Bei einer antragsgemäßen vorläufigen Außervollzugsetzung des Verbots von Zusammenkünften in Kirchen versammelten sich demgegenüber voraussichtlich sehr viele Menschen in Kirchen, gerade auch über die Osterfeiertage. Damit würde sich die Gefahr der Ansteckung mit dem Virus, der Erkrankung vieler Personen, der Überlastung der gesundheitlichen Einrichtungen bei der Behandlung schwerwiegender Fälle und schlimmstenfalls des Todes von Menschen nach der maßgeblichen Risikoeinschätzung des Robert-Koch-Instituts vom 26.03.2020 erheblich erhöhen, obwohl dies im Falle der Erfolglosigkeit einer Verfassungsbeschwerde durch ein Gottesdienstverbot in verfassungsrechtlich zulässiger Weise hätte vermieden werden können. Diese Gefahren blieben dann auch nicht auf jene Personen beschränkt, die freiwillig an den Gottesdiensten teilgenommen hätten, sondern erstreckten sich auf einen erheblich größeren Personenkreis. Nach Auffassung des BVerfG hat der Schutz vor diesen Gefahren für Leib und Leben derzeit trotz des damit verbundenen überaus schwerwiegenden Eingriffs in die Glaubensfreiheit Vorrang vor dem Schutz dieses Grundrechts.
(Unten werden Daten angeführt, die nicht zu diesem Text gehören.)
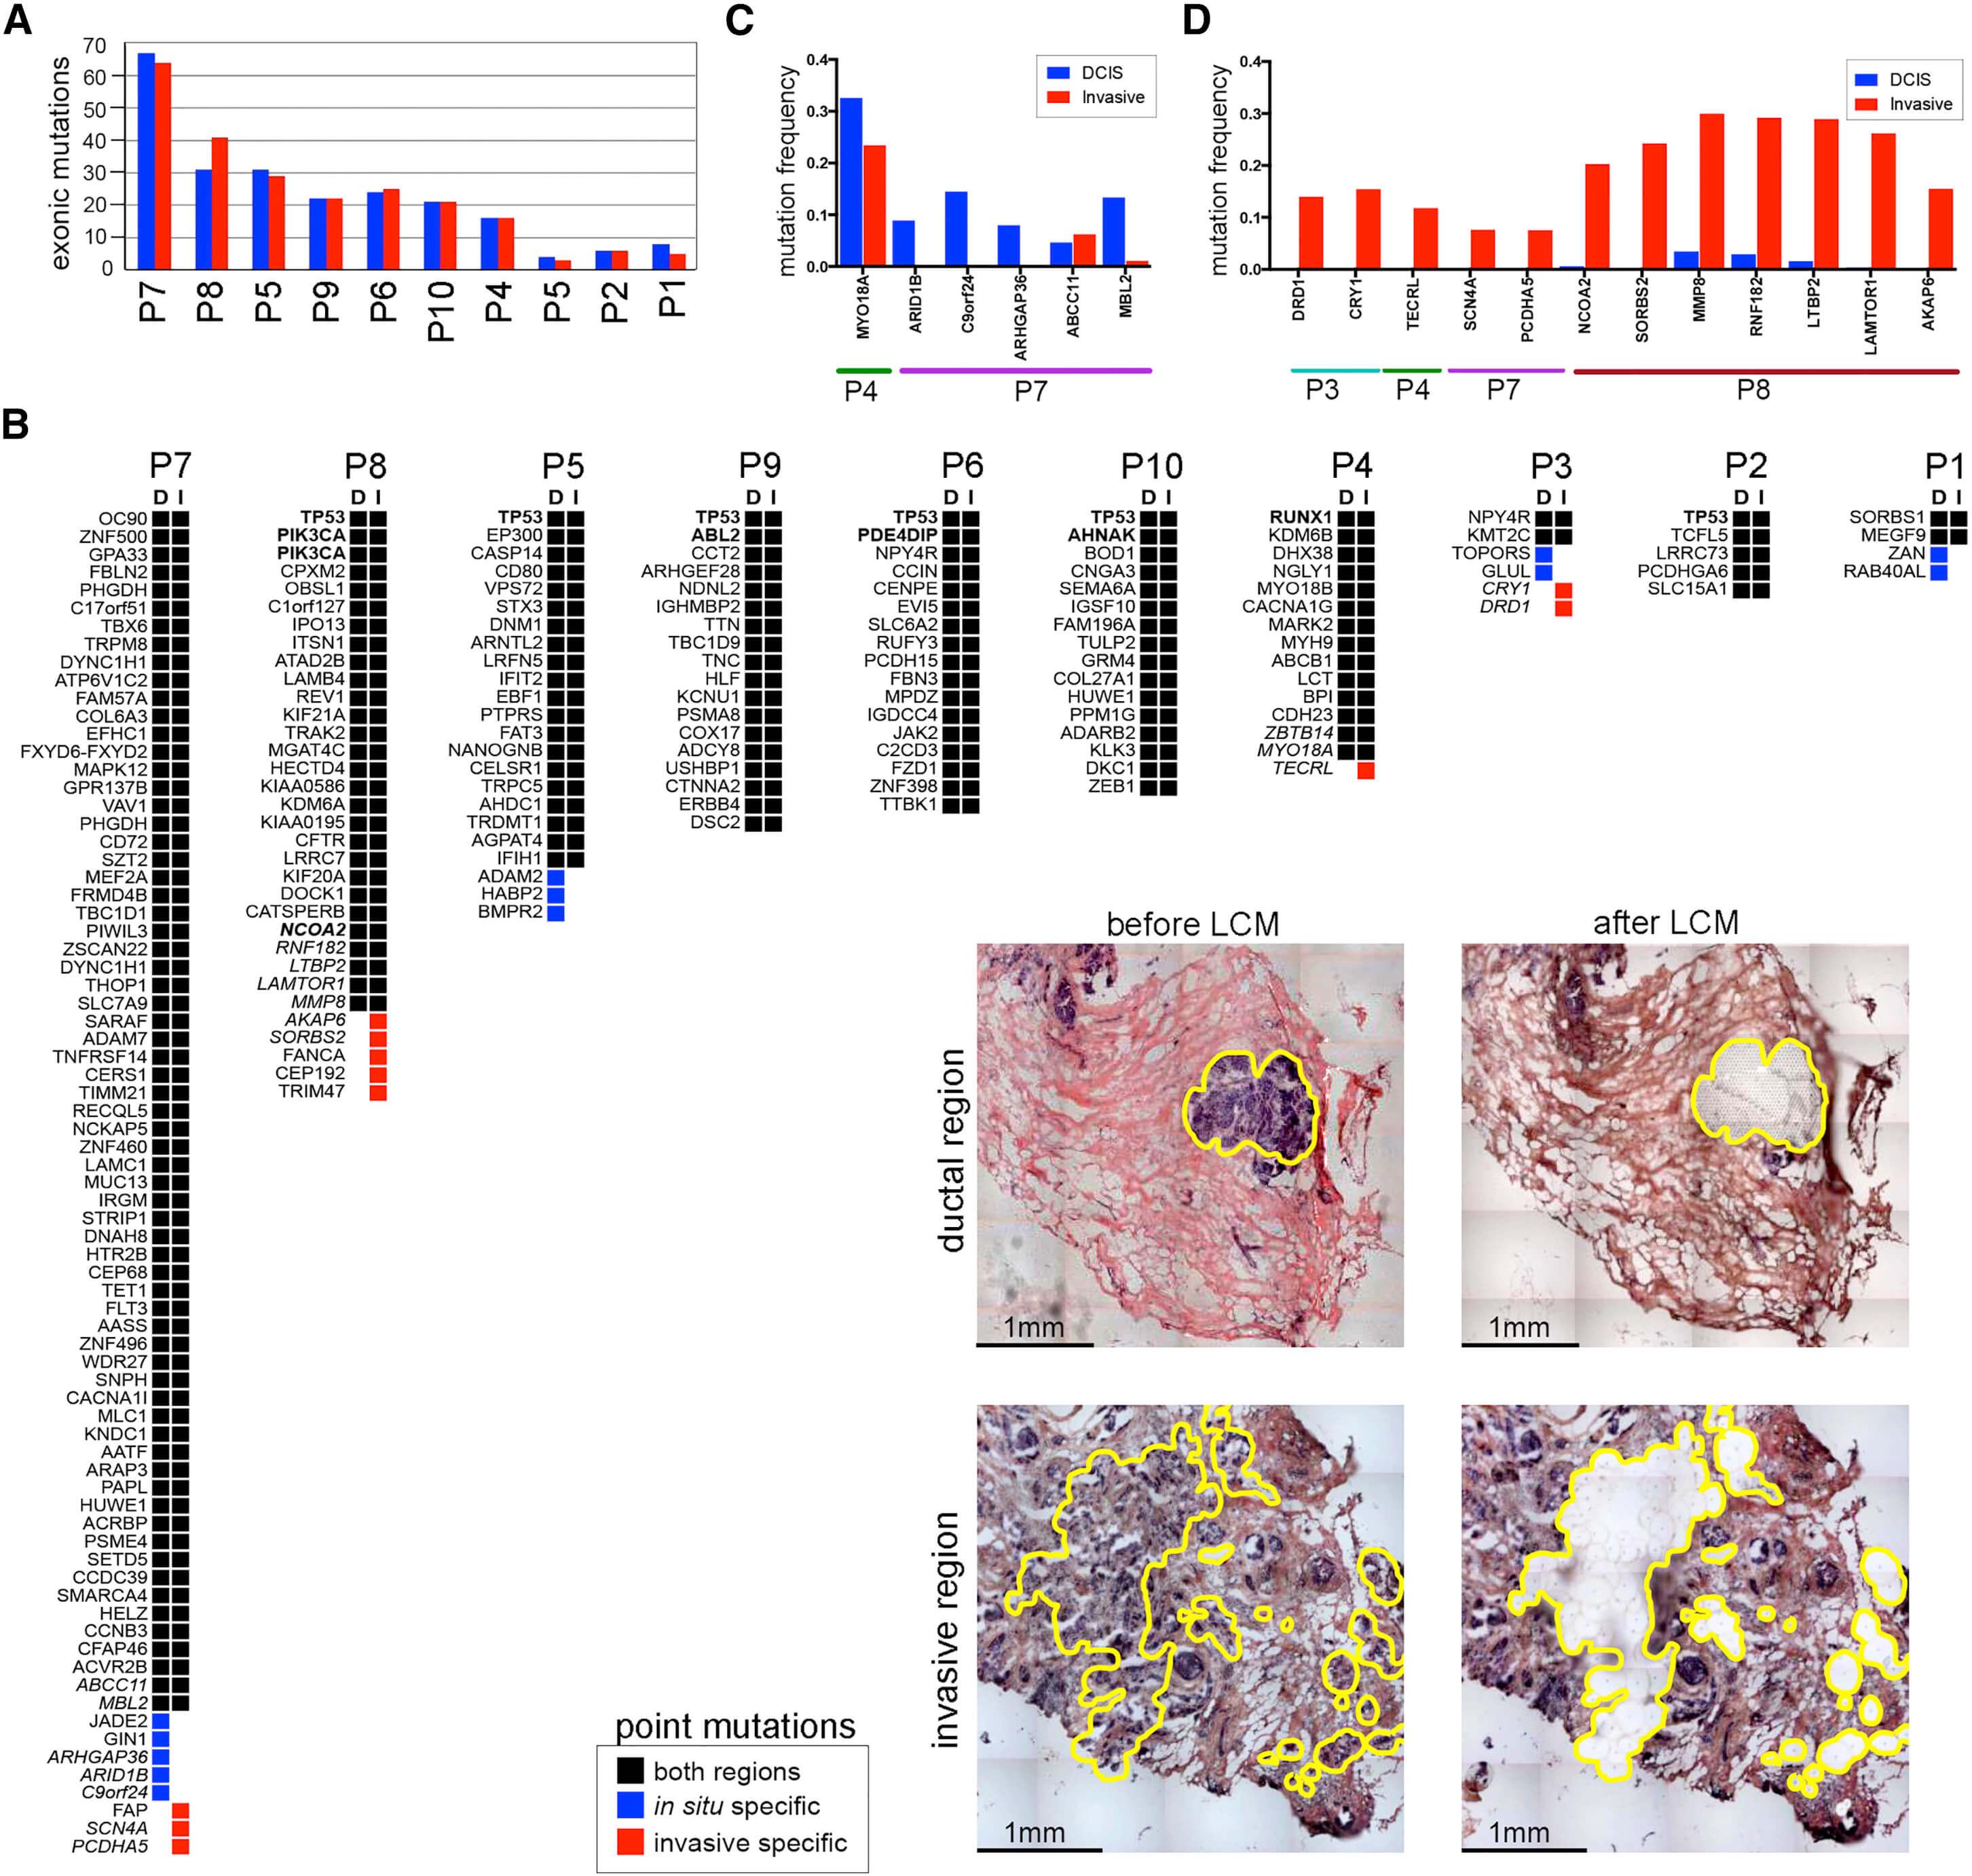 空间单细胞DNA测序技术流程

Nach der Bewertung des Robert-Koch-Instituts komme es in dieser frühen Phase der Corona-Pandemie darauf an, die Ausbreitung der hoch infektiösen Viruserkrankung durch eine möglichst weitgehende Verhinderung von Kontakten zu verlangsamen, um ein Kollabieren des staatlichen Gesundheitssystems mit zahlreichen Todesfällen zu vermeiden.
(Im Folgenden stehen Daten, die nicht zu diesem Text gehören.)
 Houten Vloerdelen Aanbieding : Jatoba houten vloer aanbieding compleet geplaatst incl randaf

Verhältnismäßigkeit des Gottesdienstverbotes fortlaufend zu überprüfen

Das BVerfG betont aber, dass für die Folgenabwägung auch die Befristung der Corona-Verordnung bis zum 19.04.2020 von Bedeutung sei. Damit sei sichergestellt, dass die Verordnung unter Berücksichtigung neuer Entwicklungen der Corona-Pandemie fortgeschrieben werden müsse. Bei jeder Fortschreibung der Verordnung müsse mit Blick auf den mit einem Gottesdienstverbot verbundenen überaus schwerwiegenden Eingriff in die Glaubensfreiheit eine strenge Prüfung der Verhältnismäßigkeit erfolgen und untersucht werden, ob es angesichts neuer Erkenntnisse etwa zu den Verbreitungswegen des Corona-Virus oder zur Gefahr einer Überlastung des Gesundheitssystems verantwortet werden könne, das Verbot von Gottesdiensten unter - gegebenenfalls strengen - Auflagen und möglicherweise auch regional begrenzt zu lockern. Das BVerfG weist abschließend darauf hin, dass Gleiches auch für andere Religionsgemeinschaften gelte, die durch das Verbot von Zusammenkünften vergleichbar schwerwiegend betroffen seien, weil für sie die gemeinsame Zusammenkunft ihrer Gläubigen ebenfalls zentraler Bestandteil ihres Glaubens sei.

BVerfG, Beschluss vom 10.04.2020 - 1 BvQ 28/20

Redaktion beck-aktuell, 14. April 2020.